[mlir][bufferization] skip empty tensor elimination if they have different element type (#96998)

zhiczhong · web-flow · commit 1d4ce574a44b · 2024-07-01T09:30:04.000+08:00
In the origin implementation, the empty tensor elimination will add a
`tensor.cast` and eliminate the tensor even if they have different
element type(f32, bf16). Here add a check for element type and skip the
elimination if they are different.
diff --git a/mlir/lib/Dialect/Bufferization/Transforms/EmptyTensorElimination.cpp b/mlir/lib/Dialect/Bufferization/Transforms/EmptyTensorElimination.cpp
@@ -152,6 +152,9 @@ LogicalResult mlir::bufferization::eliminateEmptyTensors(
       if (emptyTensorOp == replacement.getDefiningOp())
         continue;
       if (replacement.getType() != v.getType()) {
+        if (cast<ShapedType>(replacement.getType()).getElementType() !=
+            cast<ShapedType>(v.getType()).getElementType())
+          continue;
         rewriter.setInsertionPointAfterValue(replacement);
         replacement = rewriter.create<tensor::CastOp>(v.getLoc(), v.getType(),
                                                       replacement);
diff --git a/mlir/test/Dialect/Bufferization/Transforms/one-shot-bufferize-analysis-empty-tensor-elimination.mlir b/mlir/test/Dialect/Bufferization/Transforms/one-shot-bufferize-analysis-empty-tensor-elimination.mlir
@@ -47,3 +47,32 @@ func.func @buffer_forwarding_no_conflict(%arg0: tensor<?xf32> {bufferization.wri
   // CHECK-SAME: __equivalent_func_args__ = [0, 0]

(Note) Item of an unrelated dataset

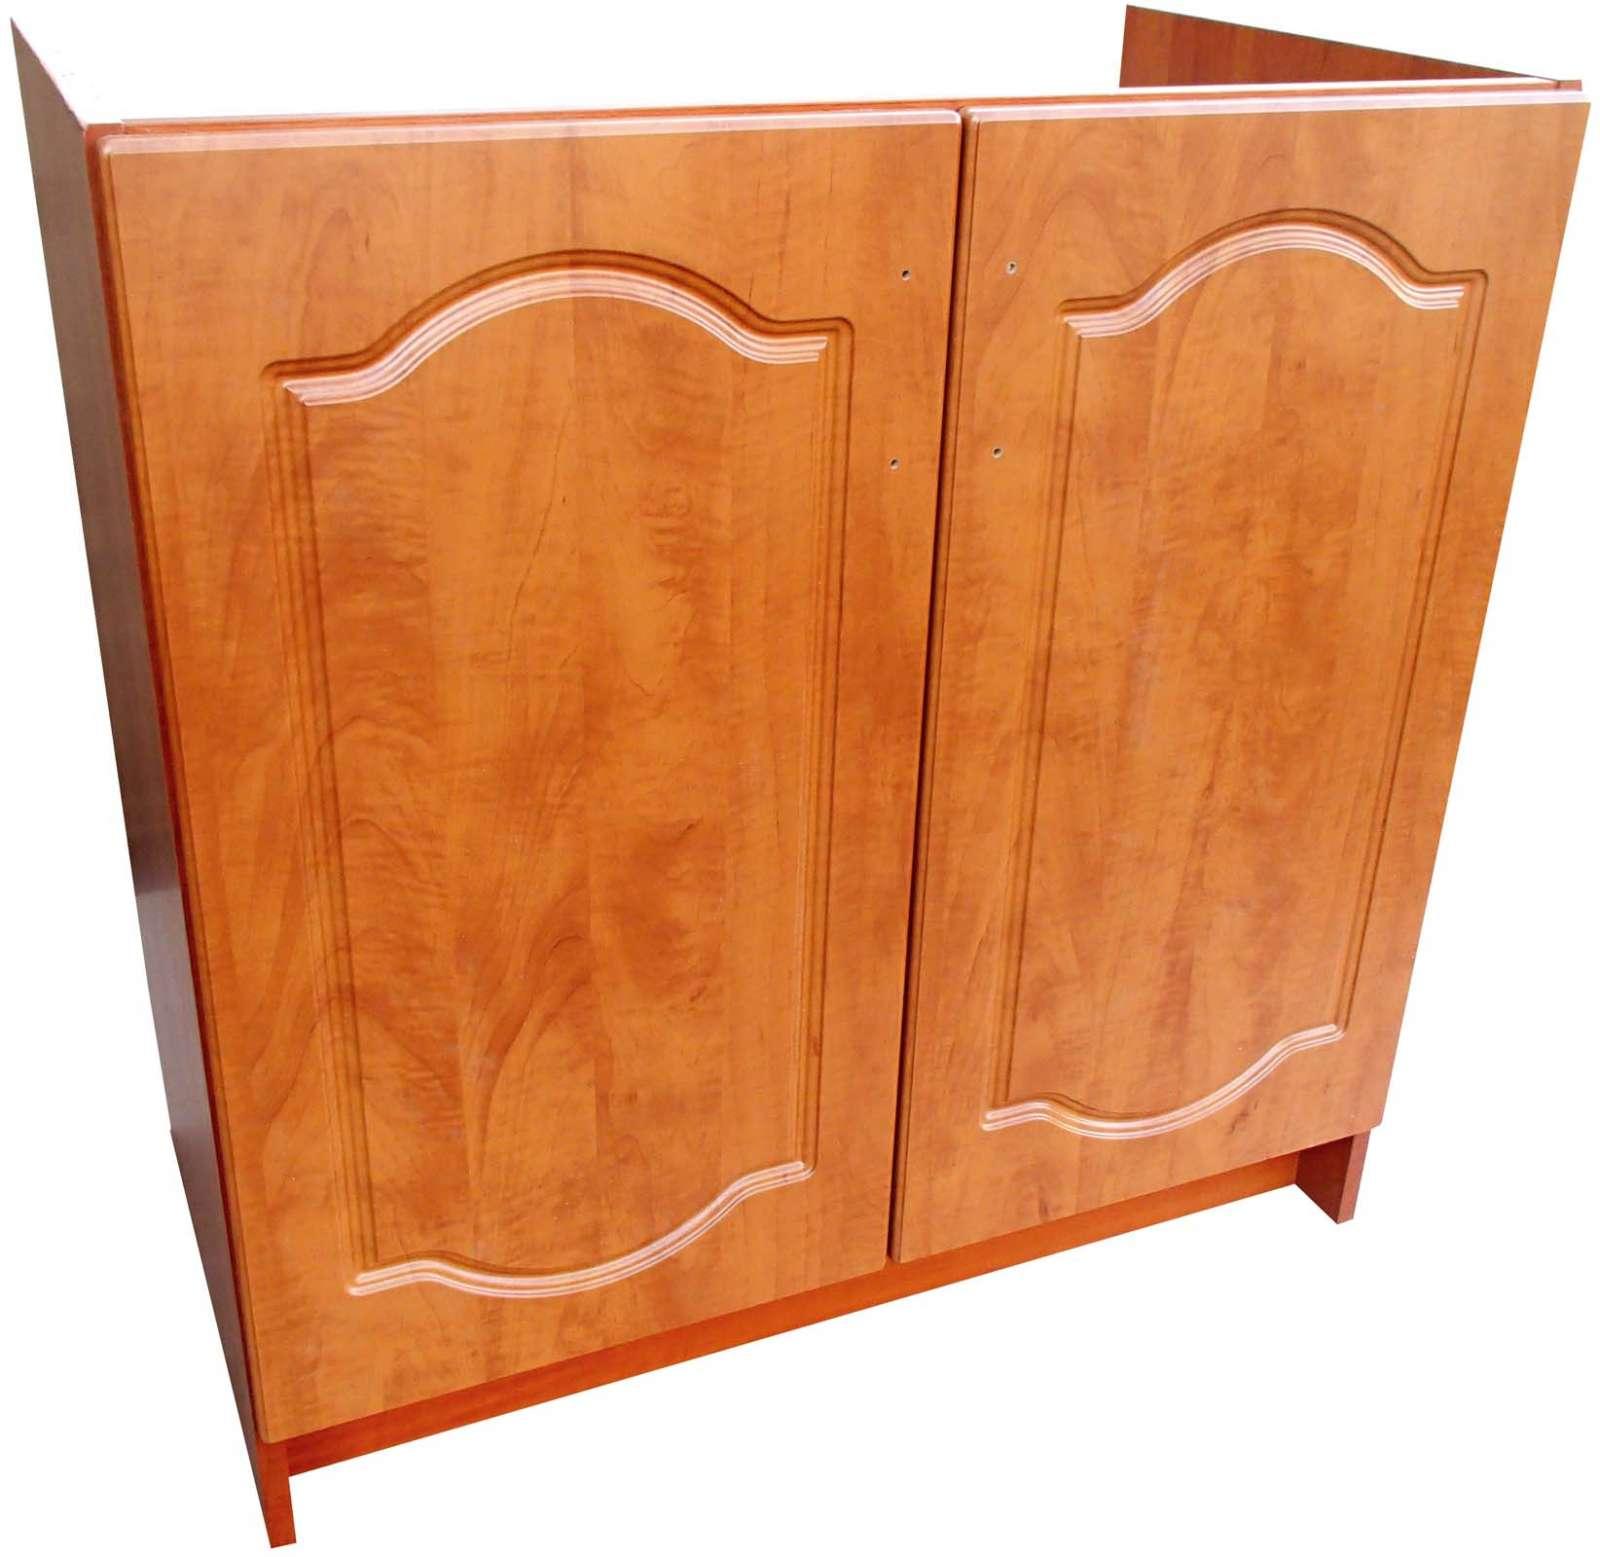 Kuchyňská dřezová skříňka 80 cm kalvádos
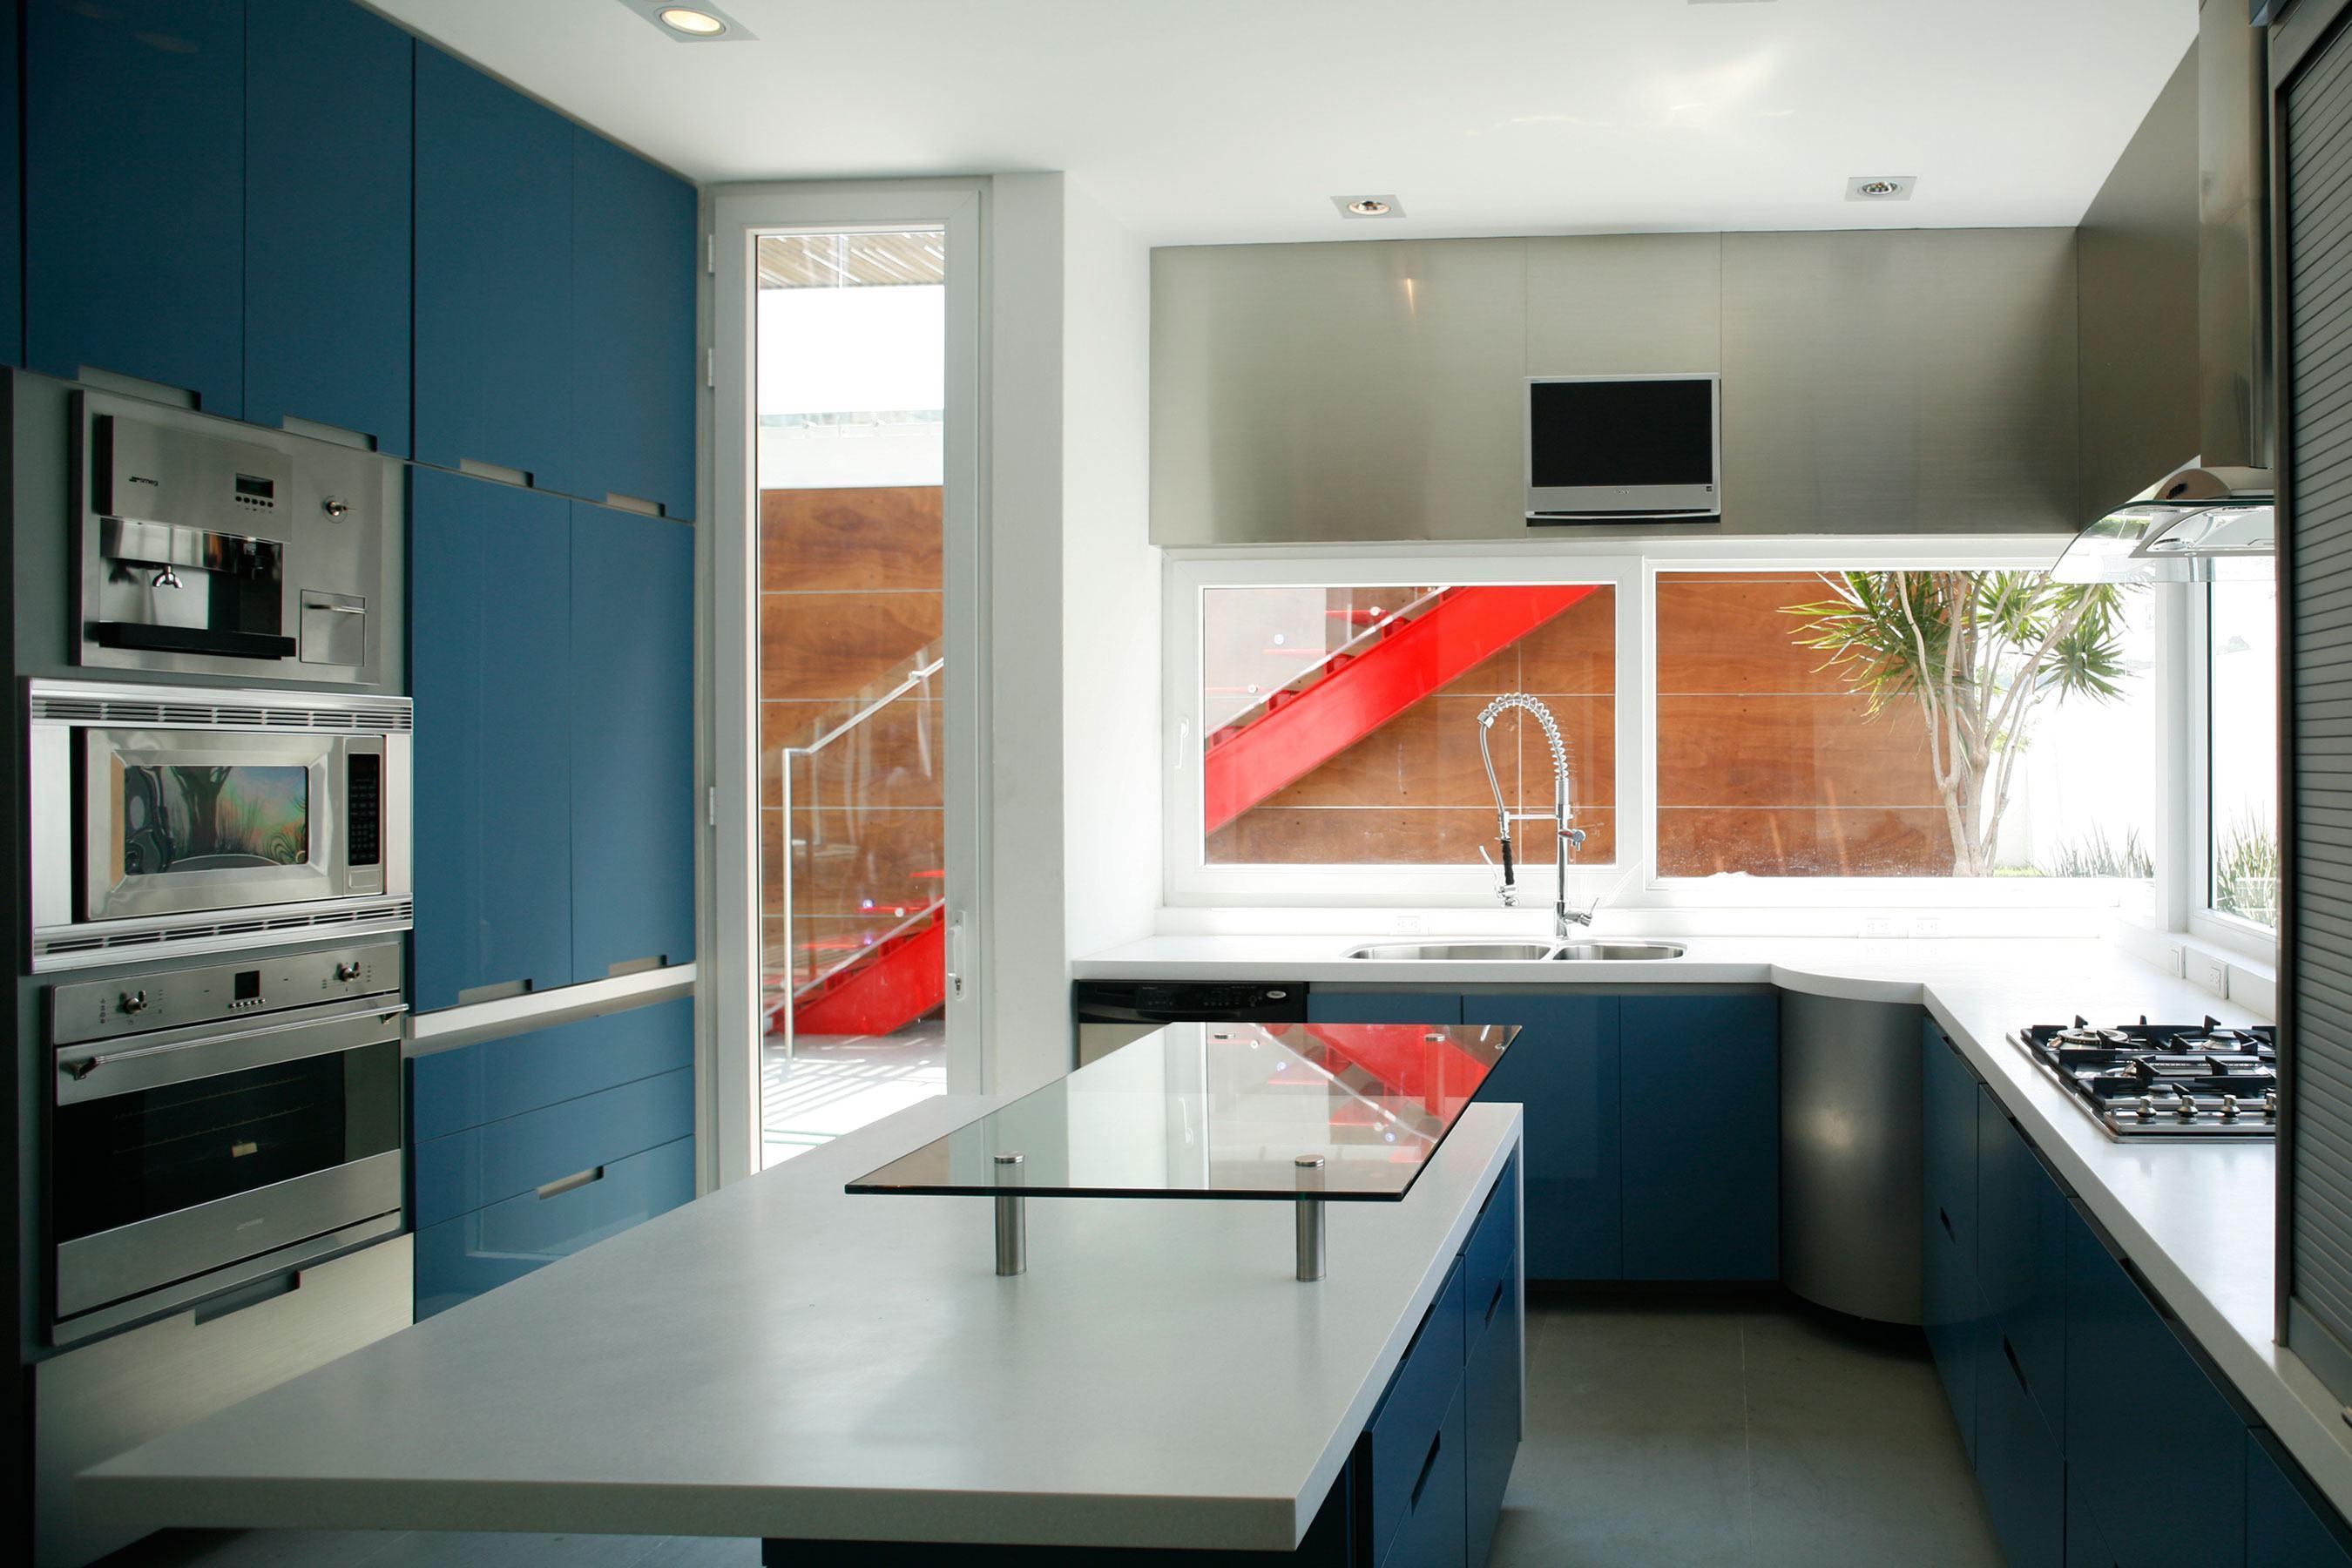 Cozinha azul: faça detalhes no armário para que o puxador se destaque

   return %2, %2 : tensor<?xf32>, tensor<?xf32>
 }
+
+// -----
+
+// CHECK-LABEL: func @buffer_forwarding_conflict_with_different_element_type
+func.func @buffer_forwarding_conflict_with_different_element_type(%arg0: tensor<?xf32> {bufferization.writable = true}, %arg1: index) -> (tensor<?xf32>, tensor<?xf32>) {
+  //      CHECK: tensor.extract_slice
+  // CHECK-SAME: {__inplace_operands_attr__ = ["true", "none"]
+  %cst = arith.constant 0.000000e+00 : f32
+  %0 = tensor.empty(%arg1) : tensor<?xf32>
+
+  //      CHECK: bufferization.alloc_tensor(%arg1)
+  %1 = tensor.empty(%arg1) : tensor<?xbf16>
+
+  //      CHECK: linalg.copy
+  // CHECK-SAME: {__inplace_operands_attr__ = ["true", "true"]
+  %2 = linalg.copy ins(%0 : tensor<?xf32>) outs(%1 : tensor<?xbf16>) -> tensor<?xbf16>
+
+  //      CHECK: linalg.copy
+  // CHECK-SAME: {__inplace_operands_attr__ = ["true", "true"]
+  %3 = linalg.copy ins(%2 : tensor<?xbf16>) outs(%0 : tensor<?xf32>) -> tensor<?xf32>
+
+  //      CHECK: tensor.insert_slice
+  // CHECK-SAME: {__inplace_operands_attr__ = ["true", "true", "none"]
+  %4 = tensor.insert_slice %3 into %arg0[42] [%arg1] [1] : tensor<?xf32> into tensor<?xf32>
+
+  //      CHECK: return
+  // CHECK-SAME: __equivalent_func_args__ = [0, 0]
+  return %4, %4 : tensor<?xf32>, tensor<?xf32>
+}